FIG. 2 is a flow sheet of a continuous cleaning apparatus of an electrolytic system, showing a flow outline of a continuous cleaning method of the present invention which is of an electrolytic system.

[Explanation of symbols]

1 strip metal body 2 residual heat zone 3 1st washing tank 4 2nd washing tank 5 3rd washing tank 6 electrode 7 vacuum drying zone 8 vacuum pump 9 sludge separation tank 10 sludge 11 evaporating can 12 blow liquid 13 condenser 14 receiver 15 vacuum Pump 16 Regeneration cleaning liquid storage tank 17 Replenishing liquid

─────────────────────────────────────────────────── ─── Continuation of the front page (51) Int.Cl. ⁶ Identification number Reference number within the agency FI technical display location C25D 5/34 // C23C 22/78 (72) Inventor Takeo Fukushima 2-5 Marunouchi, Chiyoda-ku, Tokyo No. 1 Mitsubishi Heavy Industries Co.

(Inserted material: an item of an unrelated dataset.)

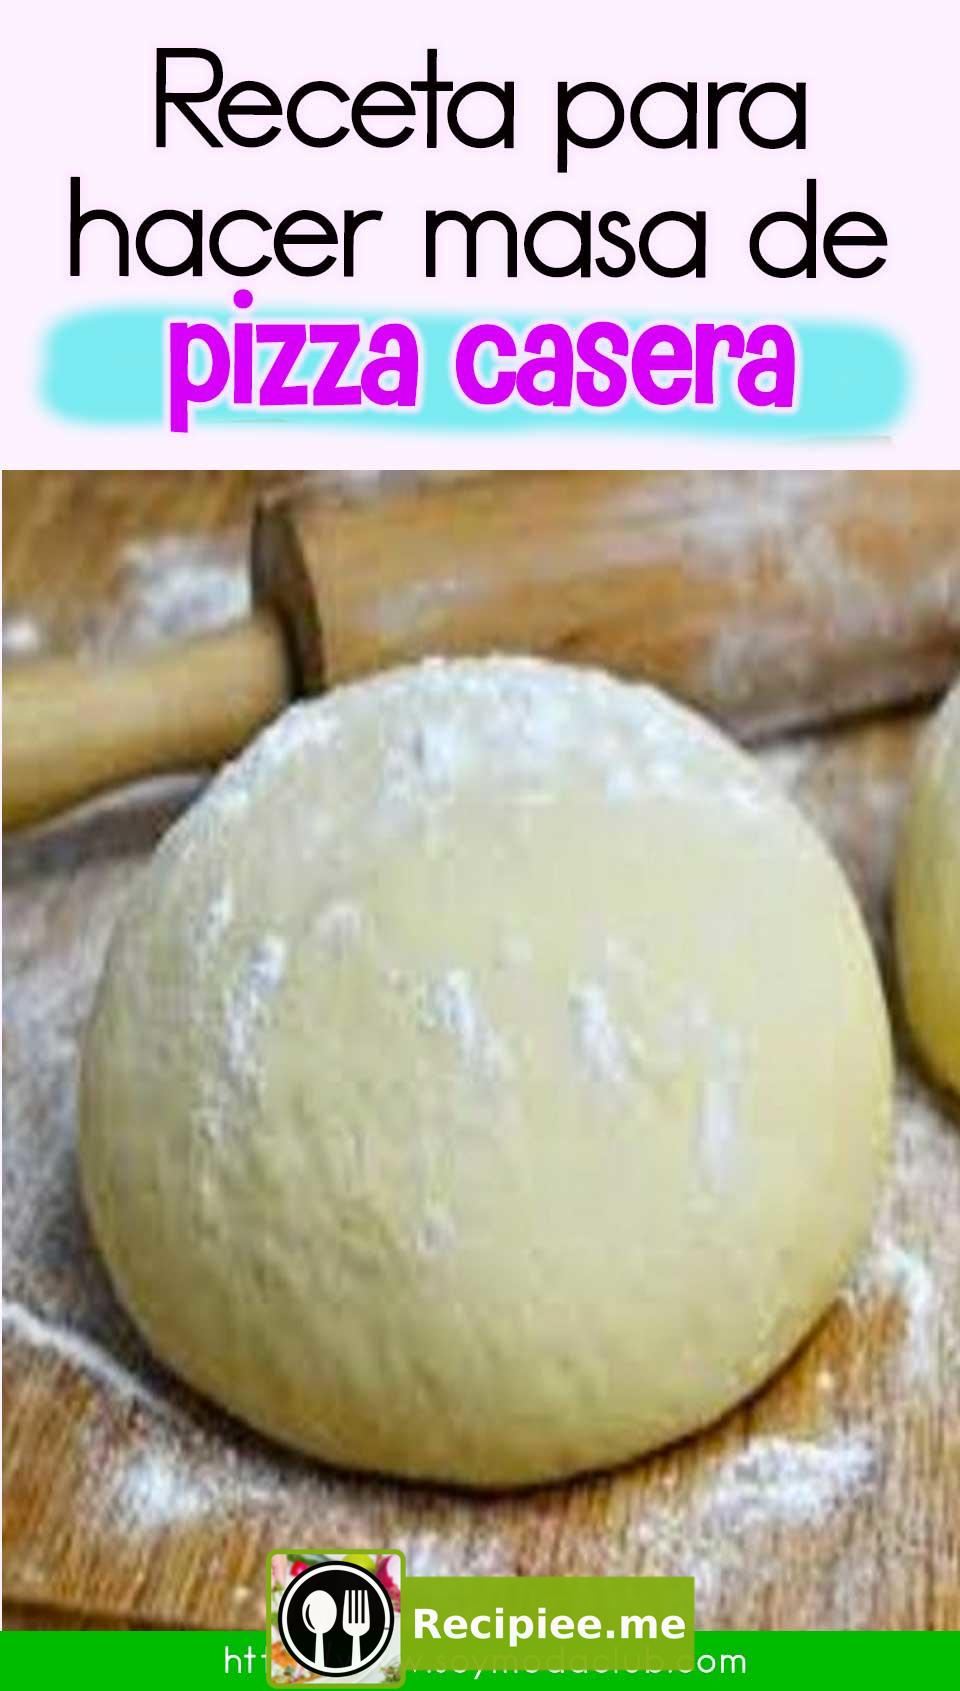 Receta Para Hacer Masa De Pizza Casera En 2020 Masa De Pizza Casera Pizza Casera Masa Para Pizza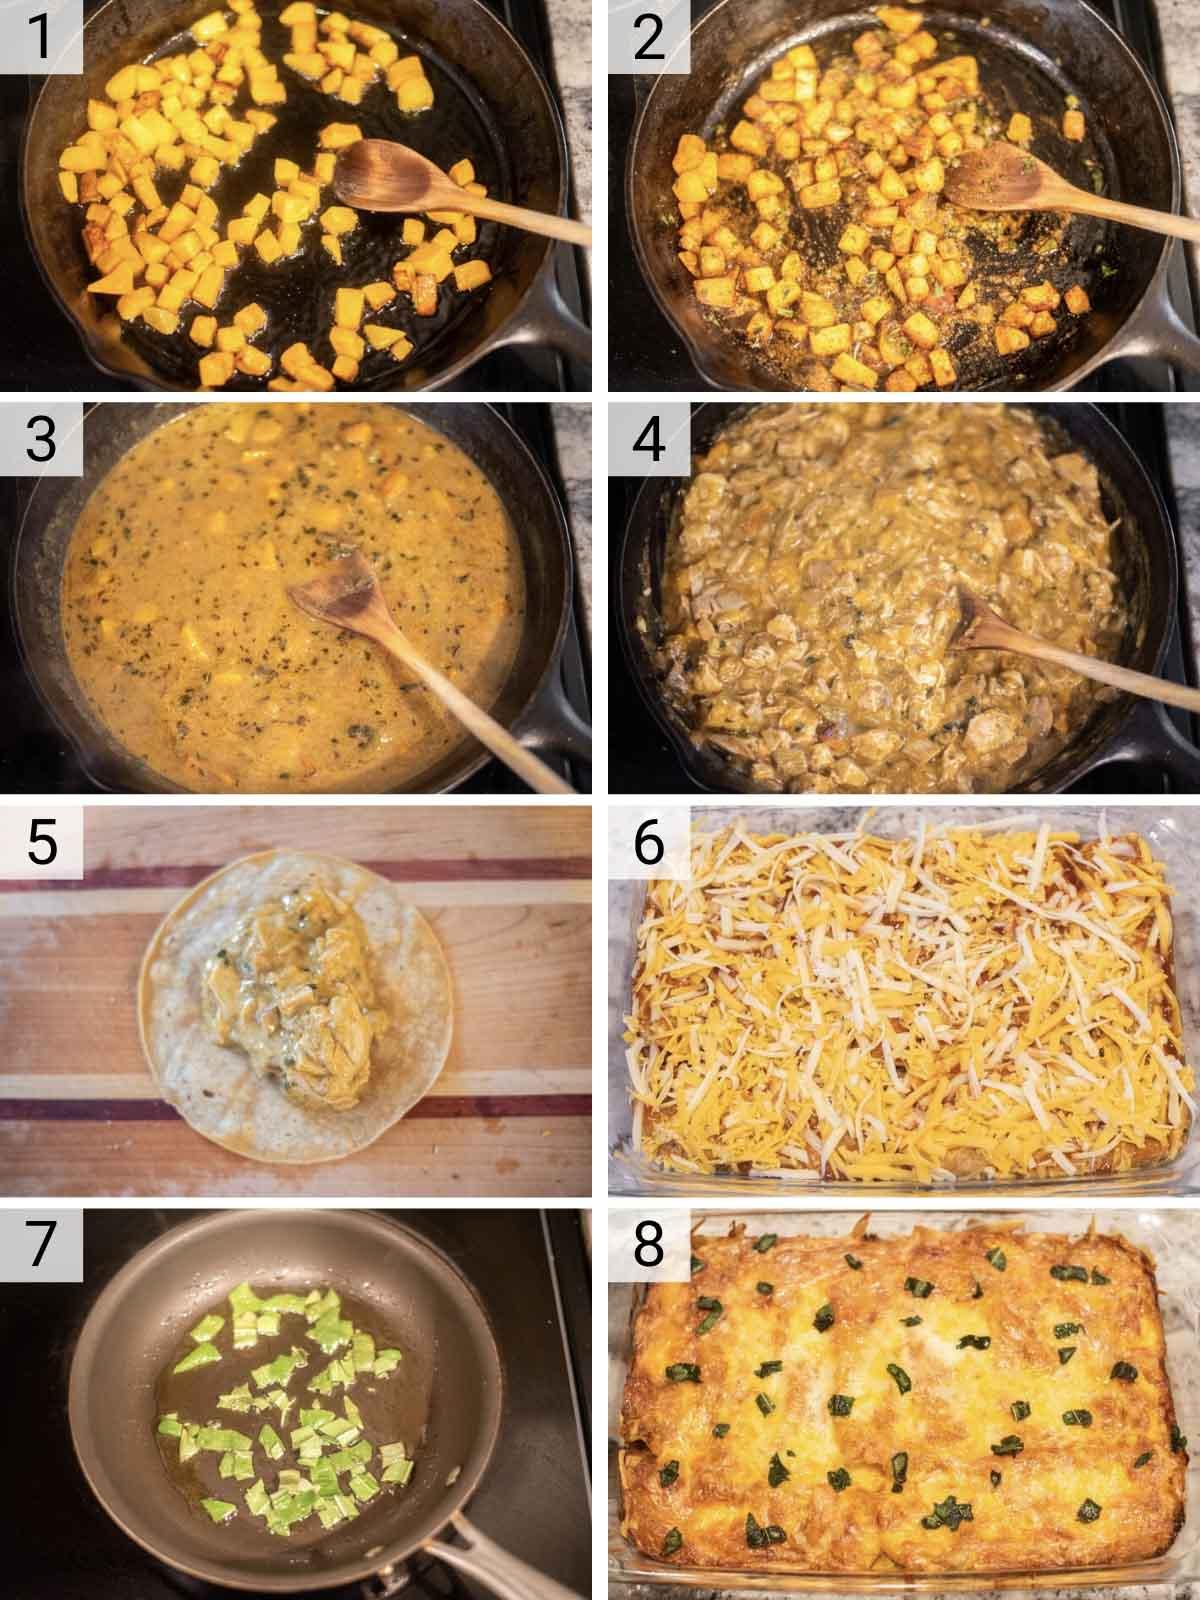 process shots of how to make turkey enchiladas

Ltd. (72) Inventor Shigeo Itano 2-5-1 Marunouchi, Chiyoda-ku, Tokyo Mitsubishi Heavy Industries Ltd. (72) Inventor Nobuhiro Shibatomi 2-5-1 Marunouchi, Chiyoda-ku, Tokyo Mitsubishi Heavy Industries Stock Company

Claims (2)

[Claims] 1. A continuous cleaning method in a metal working process, comprising: 1. A step of washing using a high-boiling point hydrocarbon as a washing liquid, and removing the high-boiling point hydrocarbon and the like remaining on the surface of the object to be washed by vacuum drying after washing. A continuous cleaning method using high-boiling hydrocarbons, which comprises a step of recovering the high-boiling hydrocarbons by vacuum distillation of the used cleaning liquid, and recycling the high-boiling hydrocarbons. 2. A continuous cleaning method in a metal working process, comprising: Using high boiling hydrocarbons with water added as a cleaning liquid, electrolytic cleaning is performed using multiple tanks by the indirect energization method, and after cleaning, the high boiling hydrocarbons remaining on the surface of the object to be cleaned are dried by vacuum drying. Step of removing 2. A continuous cleaning method using high-boiling hydrocarbons, which comprises a step of recovering the high-boiling hydrocarbons by vacuum distillation of the used cleaning liquid, and recycling the high-boiling hydrocarbons.